Satu-satunya makna dari Trinitas adalah sebagai ekspresi dari tiga pengalaman Tuhan dalam pikiran manusia, sebagai Pencipta, Penebus dan Pengudusan. Tidak perlu ada kristologi dua-sifat dalam pengertian tradisional. Keilahian Kristus "berarti bahwa ia memiliki kesadaran Tuhan yang khusus, tetapi itu tidak berarti bahwa para pemimpin agama lainnya tidak dapat berbagi kesadaran yang sama.
Realitas Tertinggi
Kemudian dalam karirnya, untuk melakukan keadilan
terhadap pemahamannya tentang sifat bahasa religius, Hick bergeser dari berbicara tentang Tuhan menjadi Berbicara tentang "Realitas (Ultimate)." Istilah ini lebih fleksibel daripada istilah pribadi Tuhan.
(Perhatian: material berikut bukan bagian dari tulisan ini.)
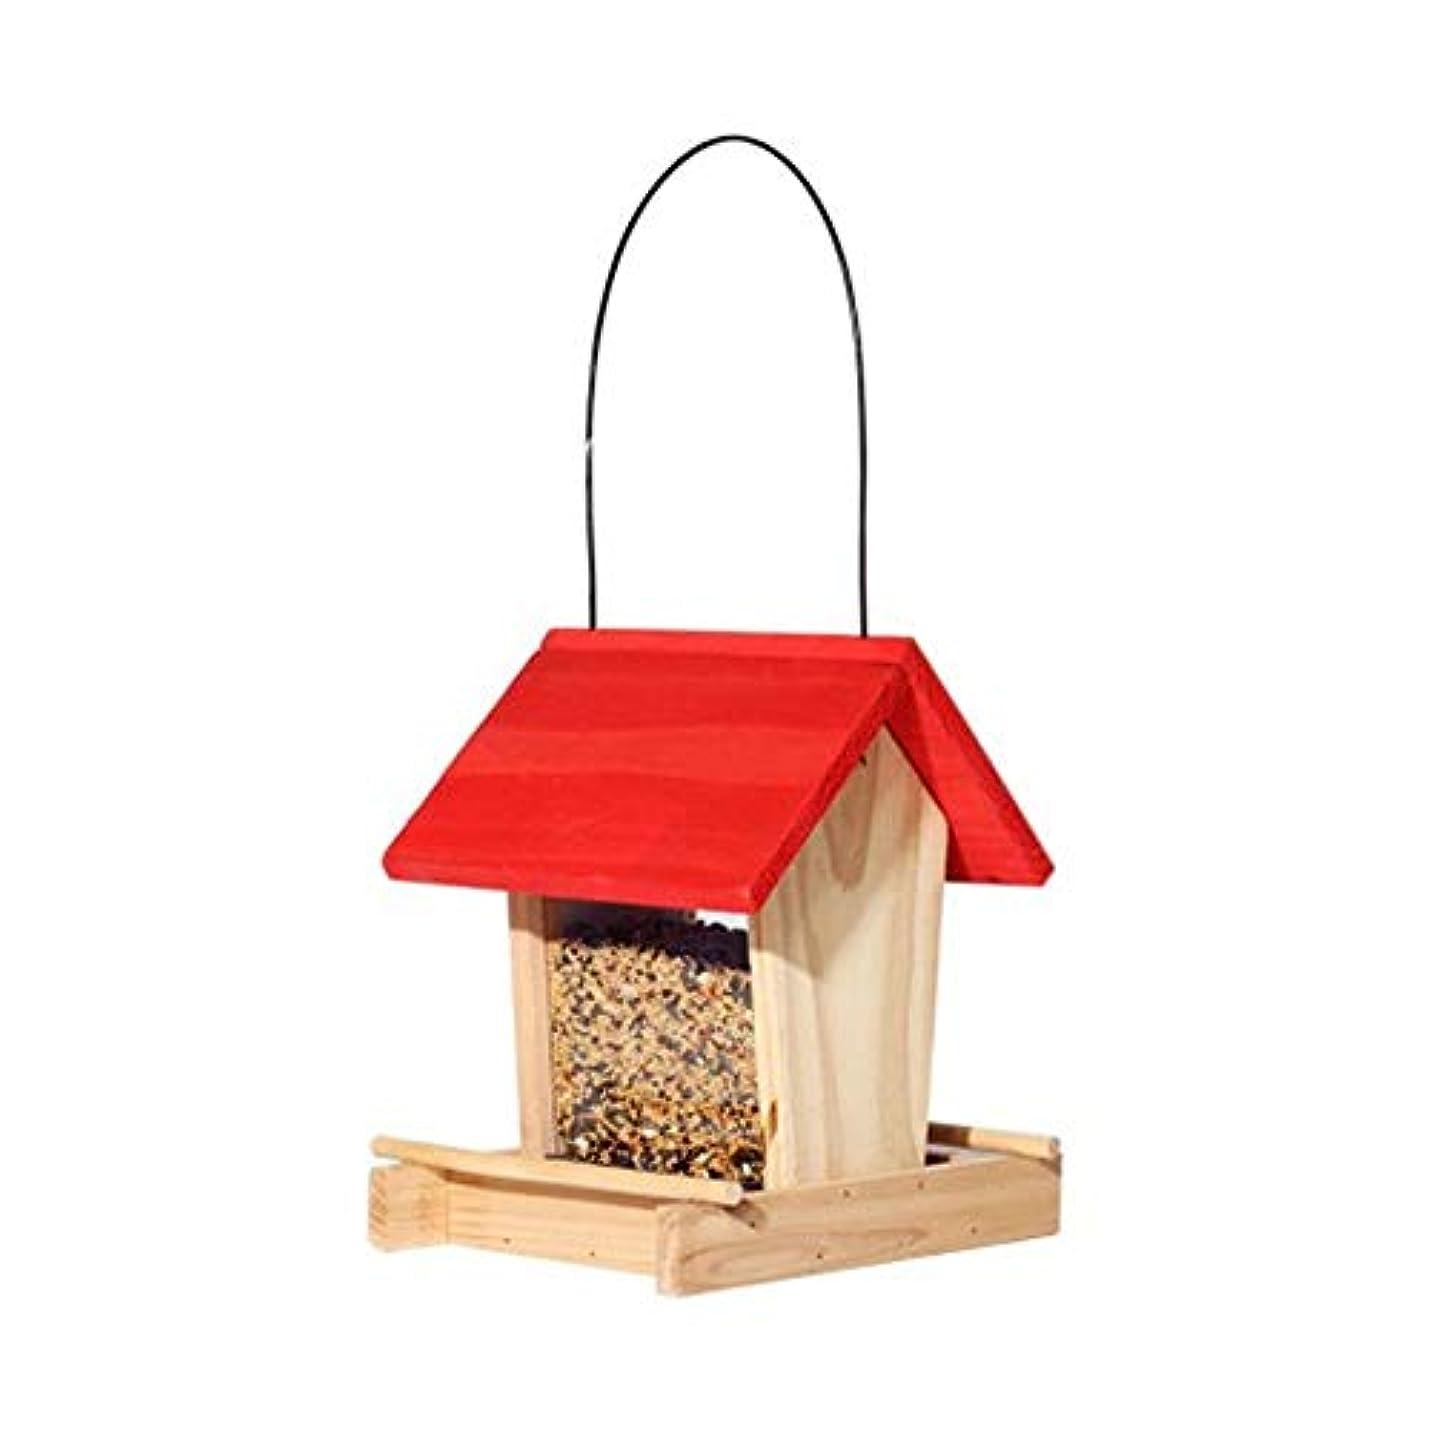 購入去る以前は野鳥の餌台 小バードフィーダー屋外鳥ガイドは、防雨ワイルドフィーダー鳥の食べ物をハンギング エサの容量を簡単把握 (Color : Multi-colored, Size : Free size)

Bagi Hick, agama-agama besar di dunia adalah mandat yang berbeda yang dapat dikatakan sebagai cara-cara pelengkap untuk mendekati Realitas ini, yang ada di luar kemampuan manusia untuk mengetahui. Istilah Sansekerta duduk dan istilah Islam dl-Haqq adalah ekspresi dari Realitas itu, seperti juga Yahweh Dan Tuhan tCl'm Kristen. "penting bagi tujuan Hick untuk memperhatikan bahwa Realitas ini memiliki dua sisi.